In 2001, NASA engineer Michael Ewert developed and patented a unique solar-powered vapor-compression refrigeration system that operates without batteries or external power of any kind. The system, which is powered by a photovoltaic panel and custom-designed electronic controls, could be used not only for long-duration space missions but also to build more environmentally friendly refrigeration systems here on Earth. Currently, Ewert is the Deputy Project Manager for NASA’s Exploration Life Support Project, which is developing new technologies needed to sustain human life on long-duration space exploration missions.

NASA Tech Briefs: What is the Exploration Life Support Project, and what does NASA hope to accomplish with it?

Michael Ewert: Exploration Life Support – or ELS – is one of about two-dozen technology development projects that NASA has to develop the new technologies needed for future human exploration missions. For ELS in particular, our goal is to create the technology that will help keep the crews alive during long duration missions without relying so much on resupply from Earth. On space shuttle the missions are fairly short and on the International Space Station they have the ability to resupply fairly frequently, but for going to Mars or other long missions, that won’t be the case.

NTB: One of the Exploration Life Support Project’s stated objectives is to develop new technologies that are efficient with respect to resource requirements such as mass, power, heat reaction, volume, crew time, consumables, etc. Can you give us some examples of the types of projects the group is working on in these areas?
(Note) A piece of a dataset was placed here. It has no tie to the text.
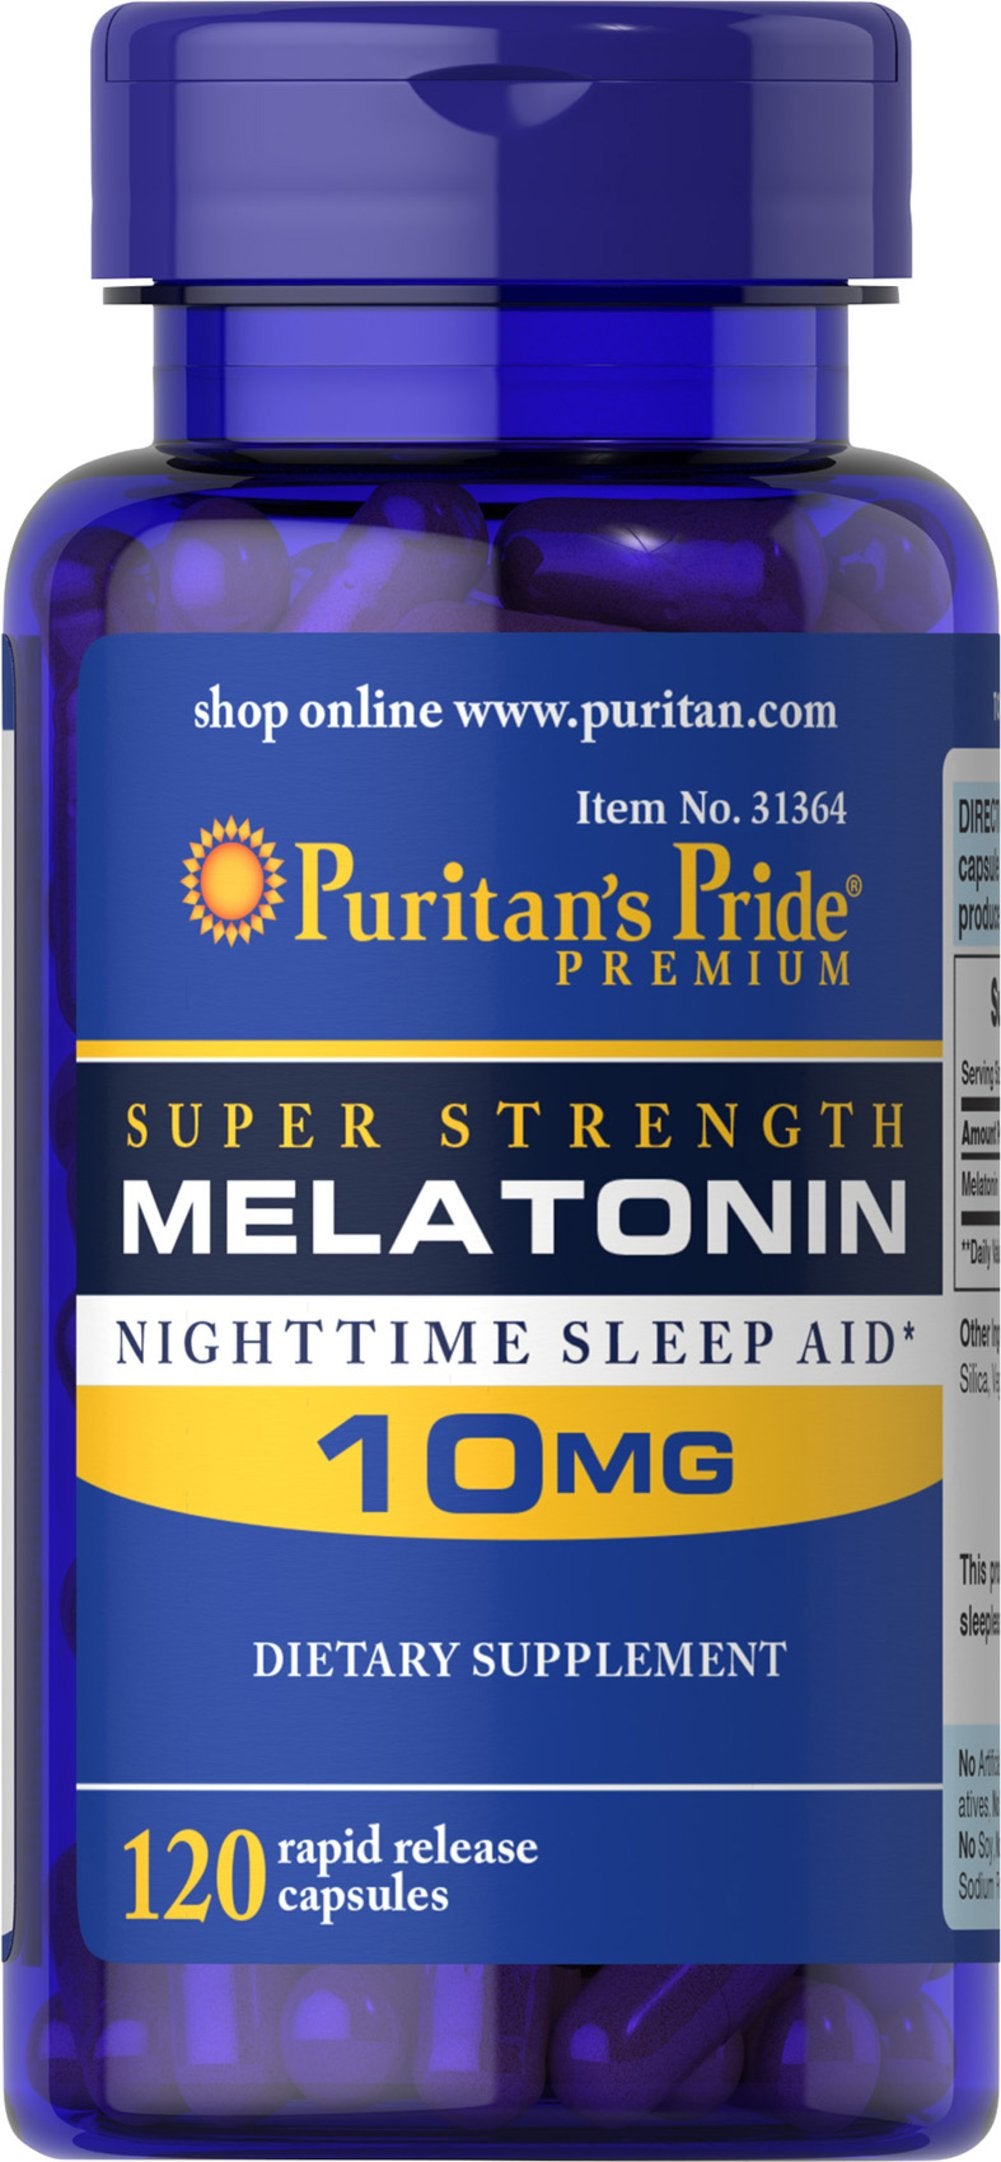 Puritan's Pride Super Strength Melatonin 10mg

Ewert: One example is that the space shuttle uses lithium hydroxide canisters to extract carbon dioxide from the atmosphere after the crew breathes it out. We’re developing an amine swing-bed technology that can be regenerated by exposing the bed to the vacuum of space intermittently. That way we won’t have to throw away any lithium hydroxide canisters.

Space station also has some regenerable processors for both air and water, but they take quite a bit of power, so our Exploration Life Support Project is working on several options for both air and water to help reduce the power consumption for an enclosed life support system.
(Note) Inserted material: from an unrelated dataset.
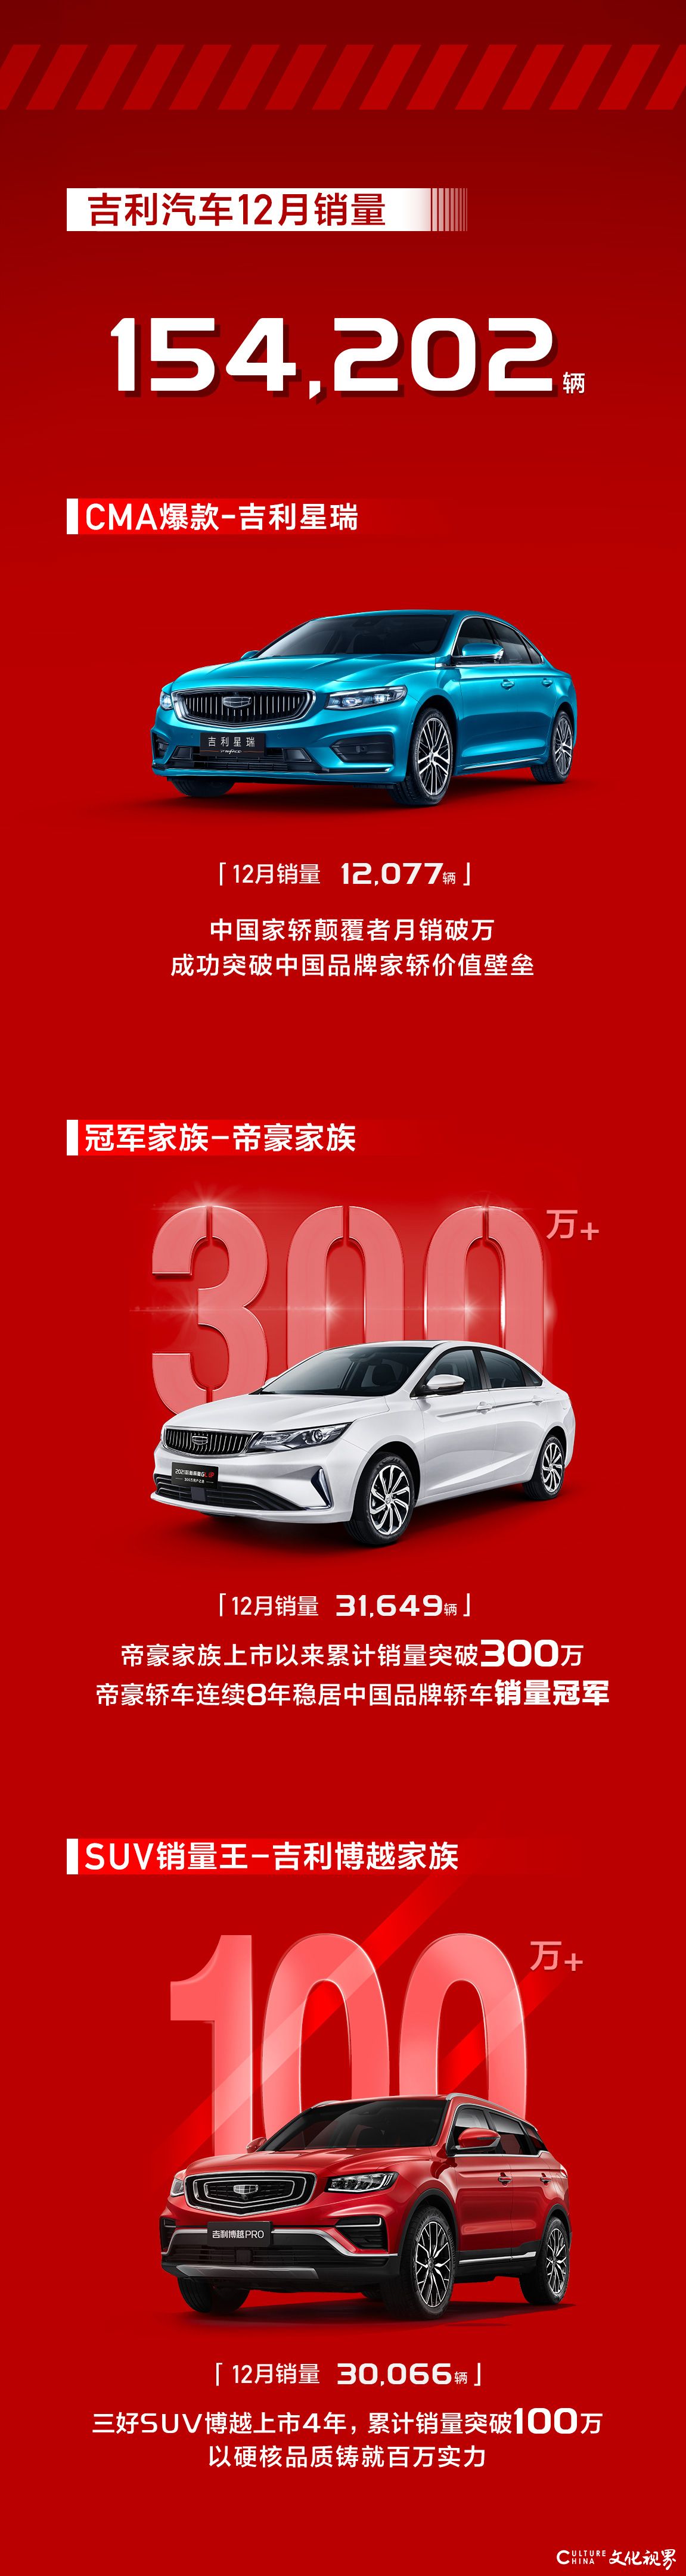 吉利汽车2020年销量超132万辆，连续4年蝉联“中国销冠”

NTB: Two of the primary areas of research your group has been involved with are water recovery and waste management. These are obviously crucial to the future of long duration manned spaceflight, or the establishment of a lunar outpost. What kind of progress has been made to date in these areas?

Ewert: We have extensively tested three wastewater distillation technologies recently and are in the process of determining which performed the best for the kinds of wastewater streams we expect to see in future missions. Part of the research is figuring out how the process will handle the wastewater streams with things like toothpaste or shaving cream that does not go into the wastewater system currently. We learned that the toothpaste being used was just not being tolerated well, so we had to research and find another toothpaste to use that can be processed in the processor.

Beyond that we’re developing or evaluating several technologies for water recovery from the brine that is left over after the distillation process. Even after the primary processor distills the water, there’s still a concentrated salt solution that has a fair amount of water left in it, so we’re trying to recover that last little bit of water from the brine.

For solid waste we’ve evaluated a variety of technologies working with our colleagues at Ames Research Center and with several SBIR companies. One exciting one is a plastic melt compactor, which heats and compresses mixed trash, melts the plastic in the trash, and extracts the water at the same time, so you’re left with a stable plastic disk, kind of like a hockey puck, and the volume of the original trash is reduced by about a factor of ten. It also helps deal with the smell that could be created by microbes in the trash.